[RECORDS SHOWN]

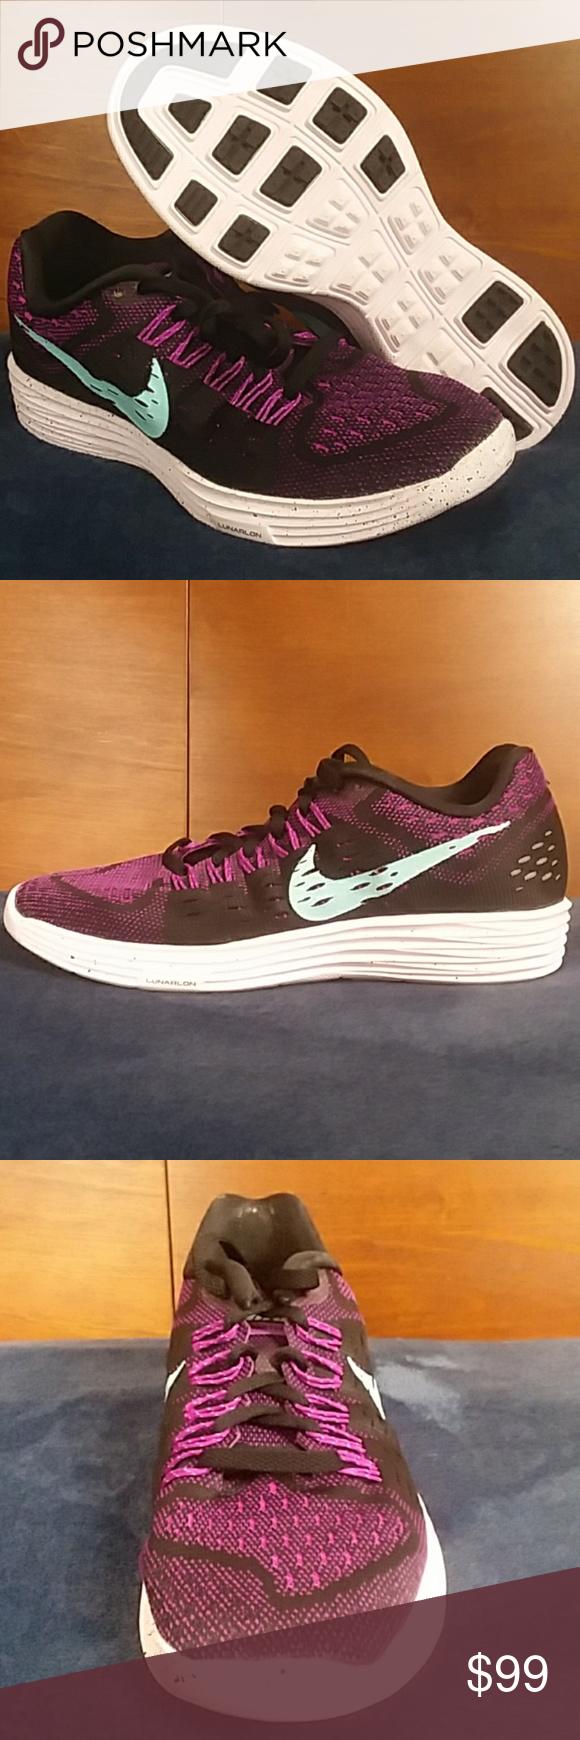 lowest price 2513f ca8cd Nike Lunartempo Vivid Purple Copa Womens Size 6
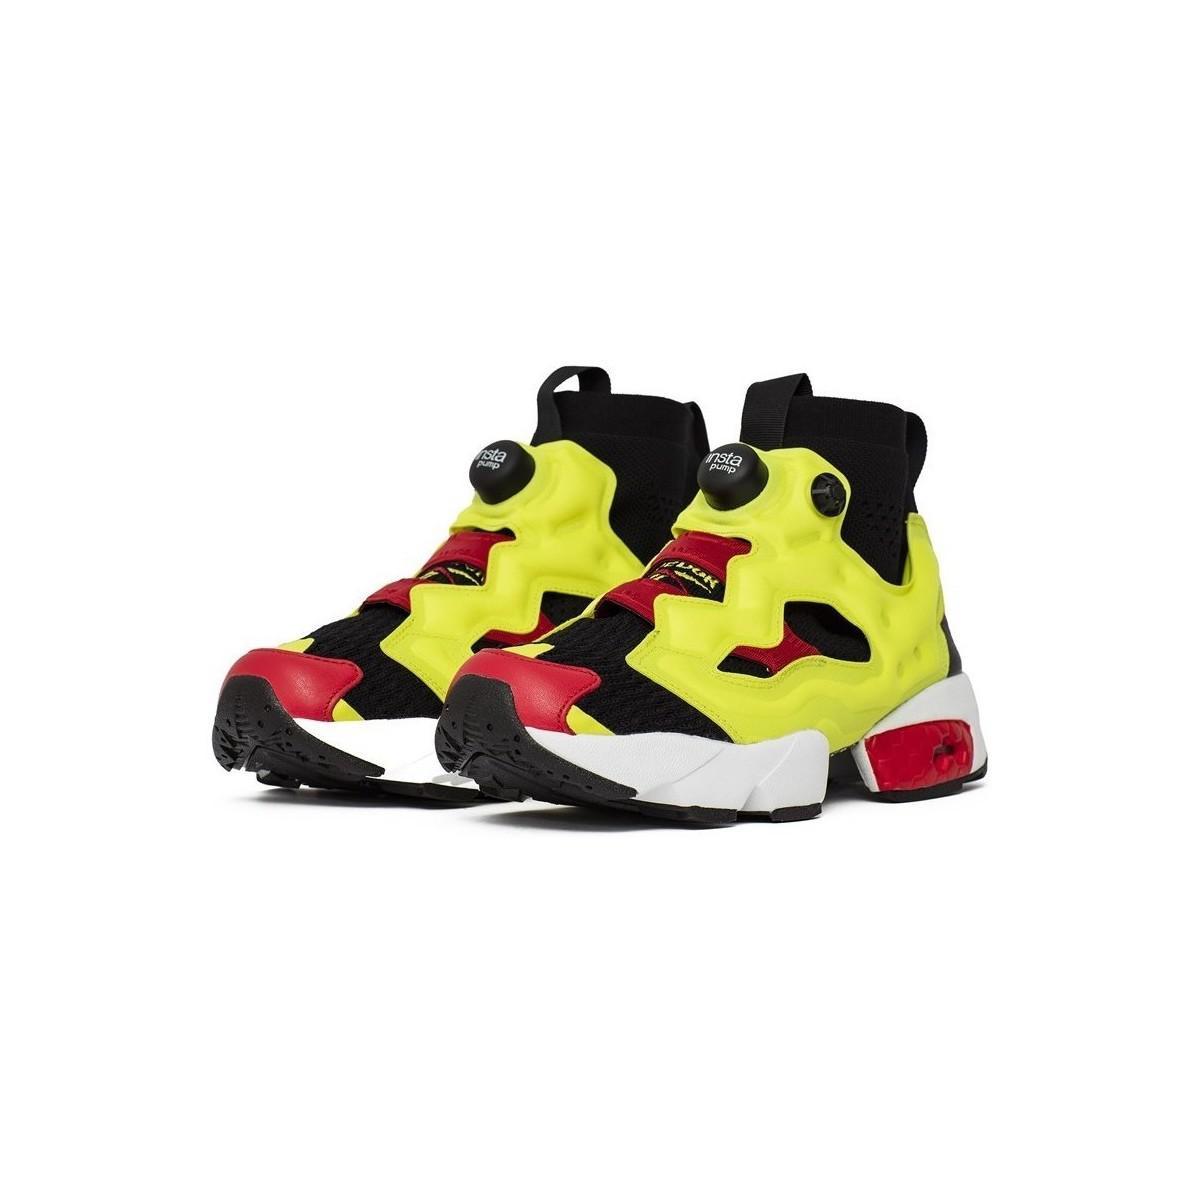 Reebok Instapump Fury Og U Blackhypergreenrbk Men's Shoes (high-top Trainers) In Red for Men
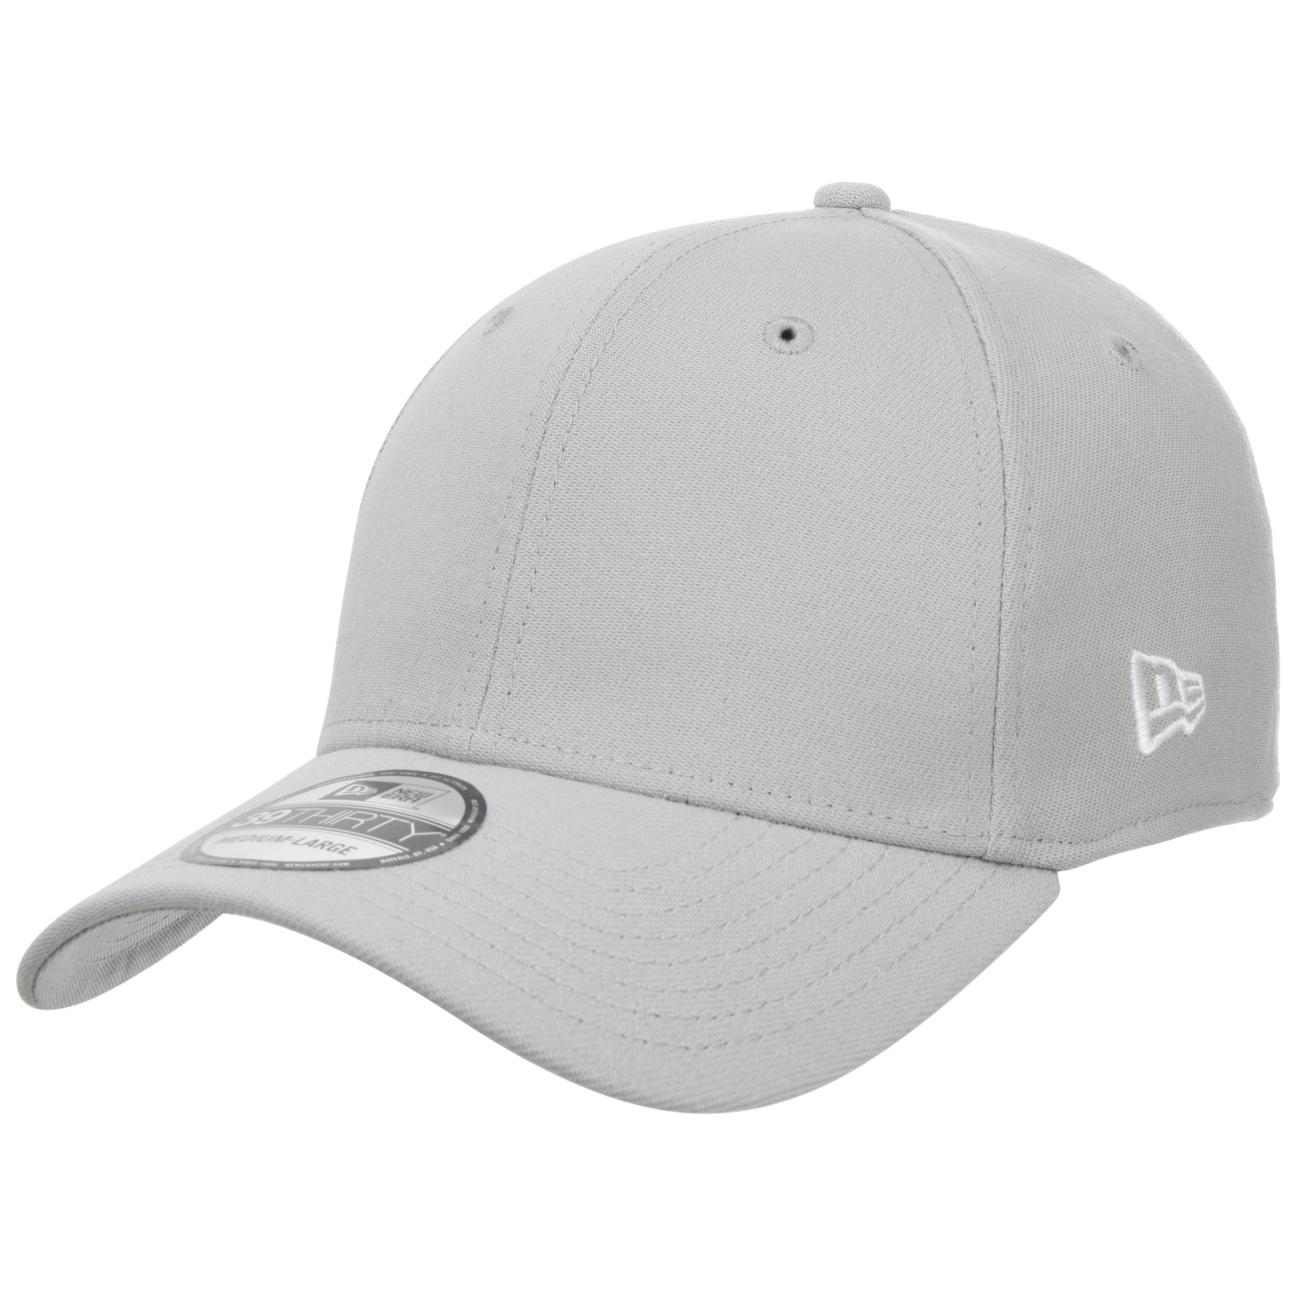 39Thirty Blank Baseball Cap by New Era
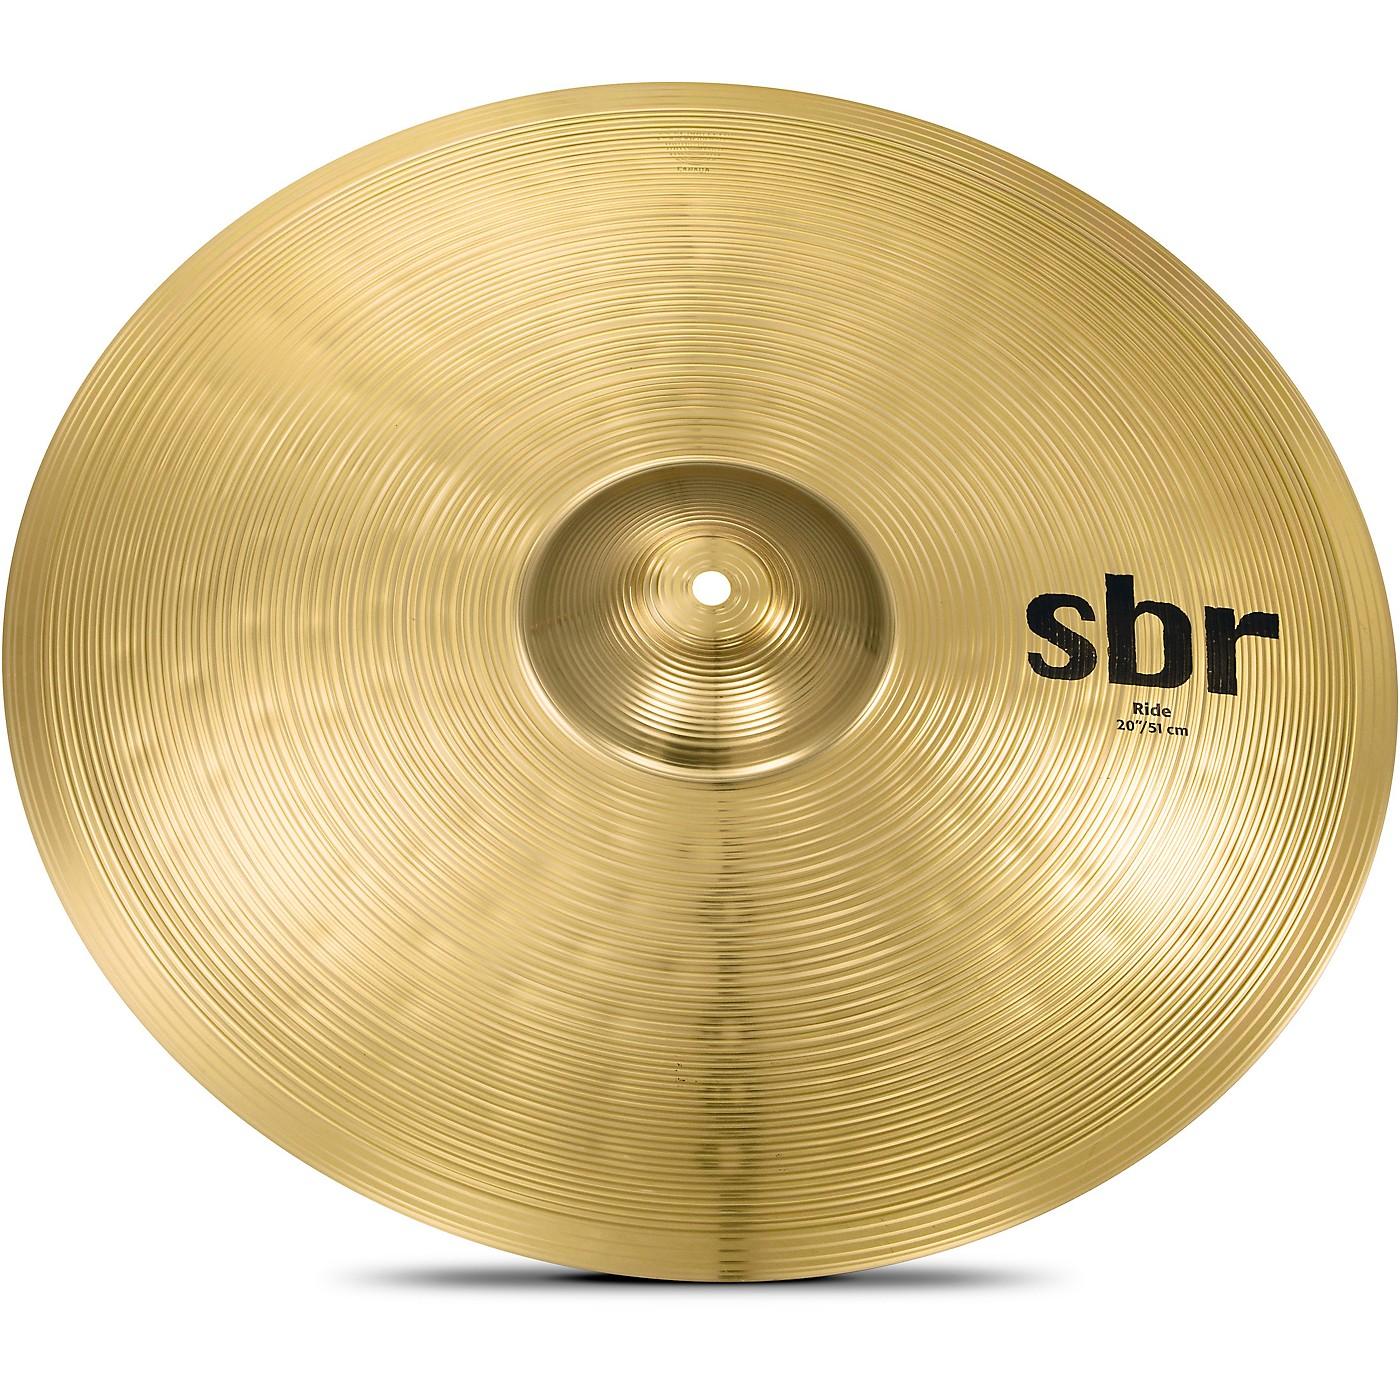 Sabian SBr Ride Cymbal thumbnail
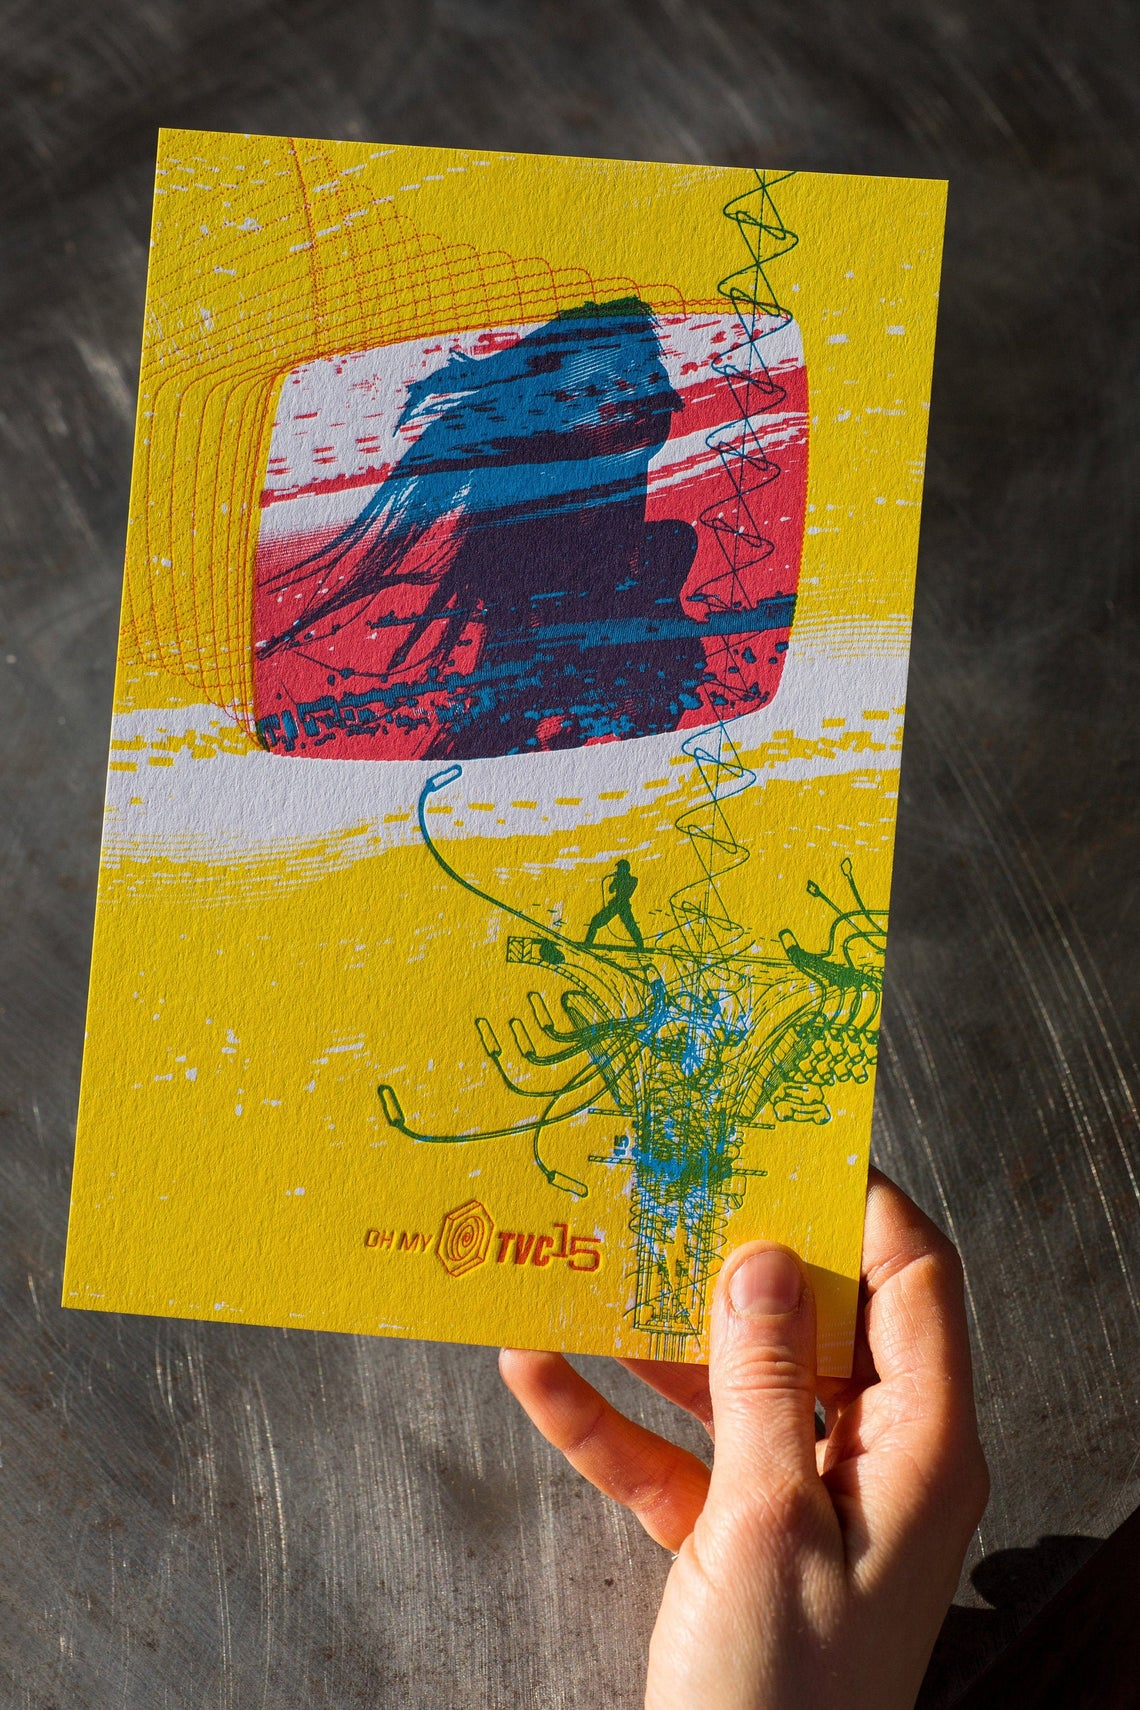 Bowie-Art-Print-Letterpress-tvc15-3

[WHAT YOU WILL DO]
Reproduce, word for word, the lines from the one containing "Reebok Instapump Fury" through the final line above. Leave every picture out.

[YOUR RESPONSE]
 Reebok Instapump Fury Og U Blackhypergreenrbk Men's Shoes (high-top Trainers) In Red for Men
 39Thirty Blank Baseball Cap by New Era
 Sabian SBr Ride Cymbal thumbnail
 Bowie-Art-Print-Letterpress-tvc15-3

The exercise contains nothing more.